Abstract

There is a wide range of literature on the impact of colonialism on development. A predominant position claims that colonialism, with its legacy of exploitation and arbitrary frontiers, is still hampering the development of former colonies, even 50 years after independence. Other scholars consider the current situation of these countries to be the responsibility of the ruling elites, no longer attributable to colonialism. Post-colonial and post-development studies place the blame on the still-prevailing hegemonial discourse of the colonial rulers and their post-colonial followers. In African studies, current political dynamics in African countries are often explained by culturally rooted pre-colonial patterns.
Matthew Lange, assistant professor of sociology at McGill University in Montreal, challenges these positions with a thorough empirical analysis of the developmental legacies of British colonialism. In his book, he concludes that pre-colonial and post-colonial factors account for little variation in development among former British colonies, whereas the two main forms of British colonialism – direct and indirect rule – exert a decisive influence. Direct rule required the construction of centralized, territory-wide and bureaucratic legal-administrative institutions that were controlled by colonial officials. Indirect rule, on the other hand, established collaborative relations between the colonial administration and regional chiefs.
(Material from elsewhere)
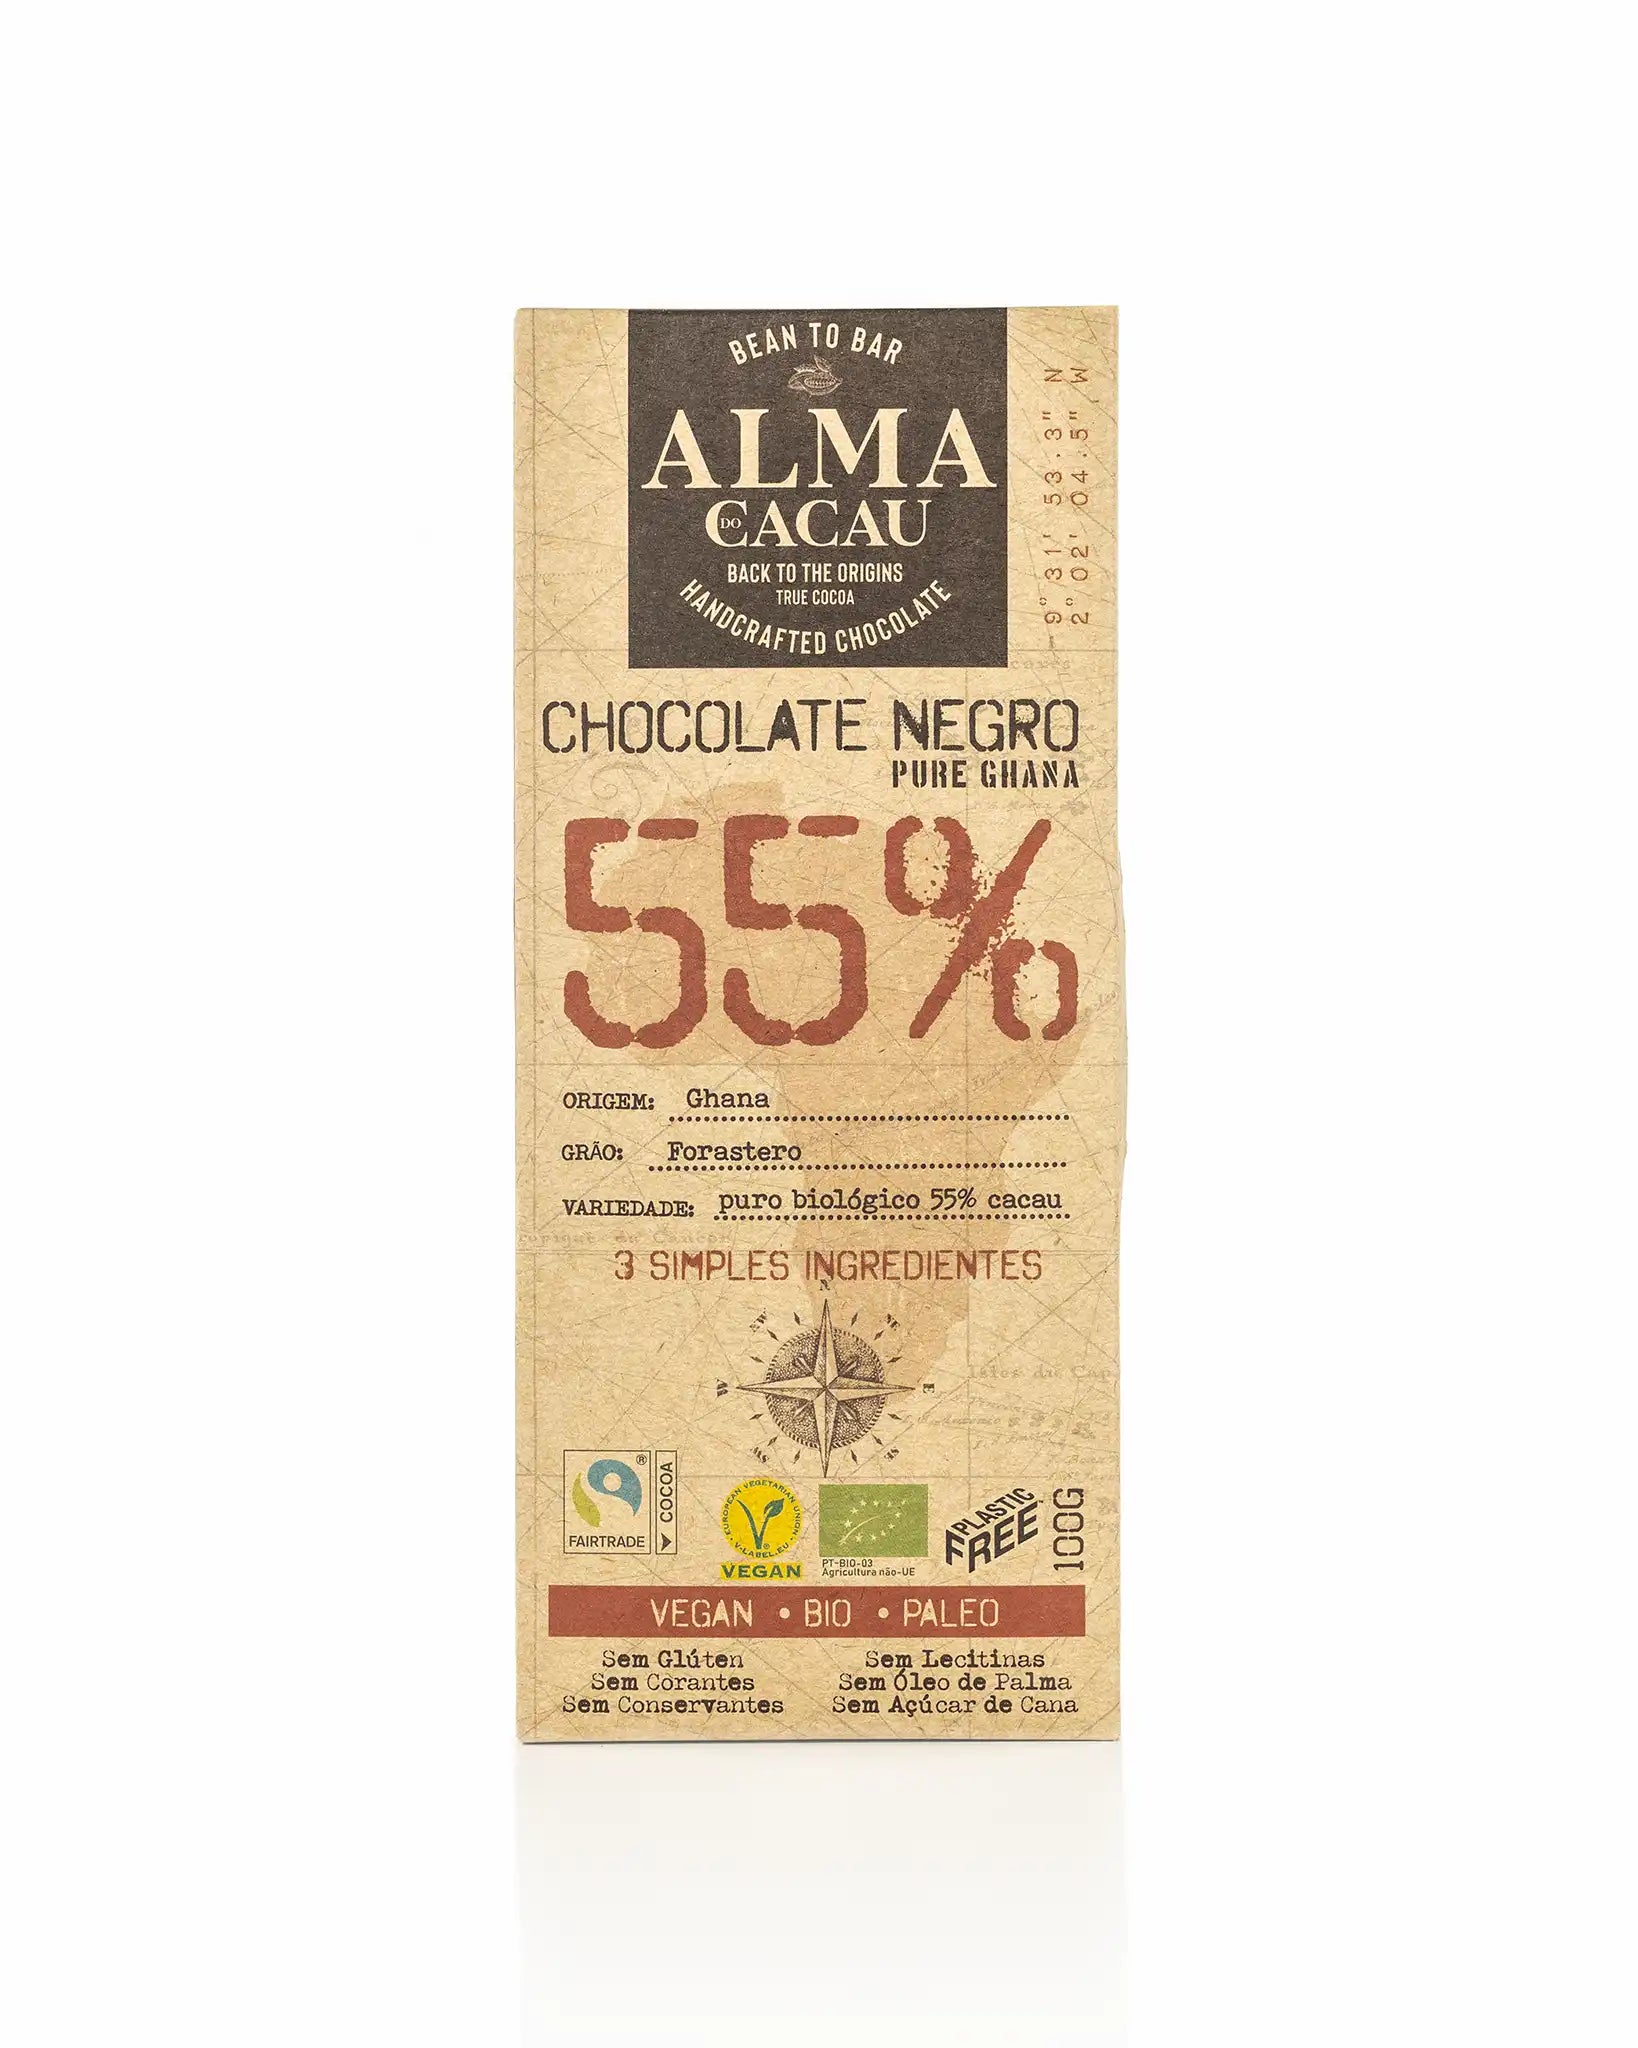 Chocolate Negro BIO 55% Cacau Alma do Cacau 100 g (imagem apenas demonstrativa)

According to Lange, these different forms of rule led to different states after independence and to radically different development outcomes. He suggests that direct rule had a much more positive effect on broad-based development than indirect rule. He explains this theory by citing the existence of more bureaucratic states, more infrastructural power, and more inclusion of social actors in policy-making and implementation because of direct rule. Lange regrets that indirect rule was romanticized as a gentle and respectful means of foreign domination. In reality, indirect rule frequently promoted misrule because the central state apparatus remained infrastructurally weak whereas regional chiefs received great power that enabled them to dominate their subjects at will. One could summarize Lange's central argument as follows: Direct rule laid the institutional foundations for development, and indirect rule caused despotism.
Lange applies a research methodology comprising one quantitative and two qualitative tiers. In a quantitative analysis of a set of 39 former British colonies (first tier), Lange shows the negative correlation between indirect rule (measured as the percentage of total court cases heard in “customary” courts) and development outcomes (per capita income, average school attainment, infant mortality rate, democracy and governance indicators) over an extended period of time. The influence of the form of colonial rule did not diminish even after several decades of independence; rather, it increased. It left a lasting impact on development processes and made them path-dependent. Lange analyses the significance of other independent variables and possible pre-colonial factors, and he excludes the special case of settler colonies. The results remain stable and confirm a strong link between 1) direct rule and development and 2) indirect rule and development failure.
In the second tier, Lange selects two directly ruled colonies (Mauritius, Guyana) and two indirectly ruled colonies (Sierra Leone, Botswana) for comparative-historical analysis. Mauritius and Sierra Leone correspond to the general pattern, while Guyana (development failure despite direct rule) and Botswana (development despite indirect rule) are outlier cases to test both the statistical results and the findings of the non-outlier cases more rigorously. Finally, for the third tier, Lange presents abbreviated case-studies of Barbados, Ghana, Hong Kong, India, Malaysia, Myanmar, Nigeria, Singapore, the Solomon Islands, South Africa and Sri Lanka. At the end of his book, he briefly discusses the legacies of other colonial powers (Japan, France, Portugal and Spain). For Lange, the two qualitative tiers confirm the results of the quantitative analysis.
Lange focuses on the impact of the form of colonial rule on the legal-administrative capacities of states. It would be worthwhile to complement this reasoning by more deeply investigating the economic aspects of colonial rule. Certainly, there were also different legacies with respect to natural resource extraction, use of labour, physical capital formation and industrialization that might be important additional factors in order to explain the different development trajectories of former colonies. Even if one follows Lange's argument that directly ruled British colonies were better off after independence, this does not answer the question of whether colonialism had a positive impact overall on the development of these territories.
One of the strong points of this work is Lange's evaluation of the disastrous effects of indirect rule. What Chabal, Daloz, Bayart and others describe as culturally rooted peculiarities of African politics have more of a colonial heritage than a pre-colonial one. Indirect rule gave unchecked power to regional chiefs, freeing them from previous forms of social constraints. New functions (for example, paramount chiefs) and new chiefdoms were created outside the traditional legitimacy.
Unfortunately, the main part of Lange's book concentrates on the four small colonies of Mauritius, Sierra Leone, Guyana and Botswana. It would have been more convincing to present some of the bigger cases like India, Kenya, Malaysia and Nigeria in more detail.
The outlier cases Guyana and Botswana demonstrate that the development trajectories determined largely by direct or indirect rule might be changed; in those two cases, this happened during independence. Whether it is possible to change the trajectory of path-dependent development later on and what crucial factors might trigger such a deviation from the general pattern is not discussed by Lange. Despite these open questions, his book is an outstanding contribution to the literature on development.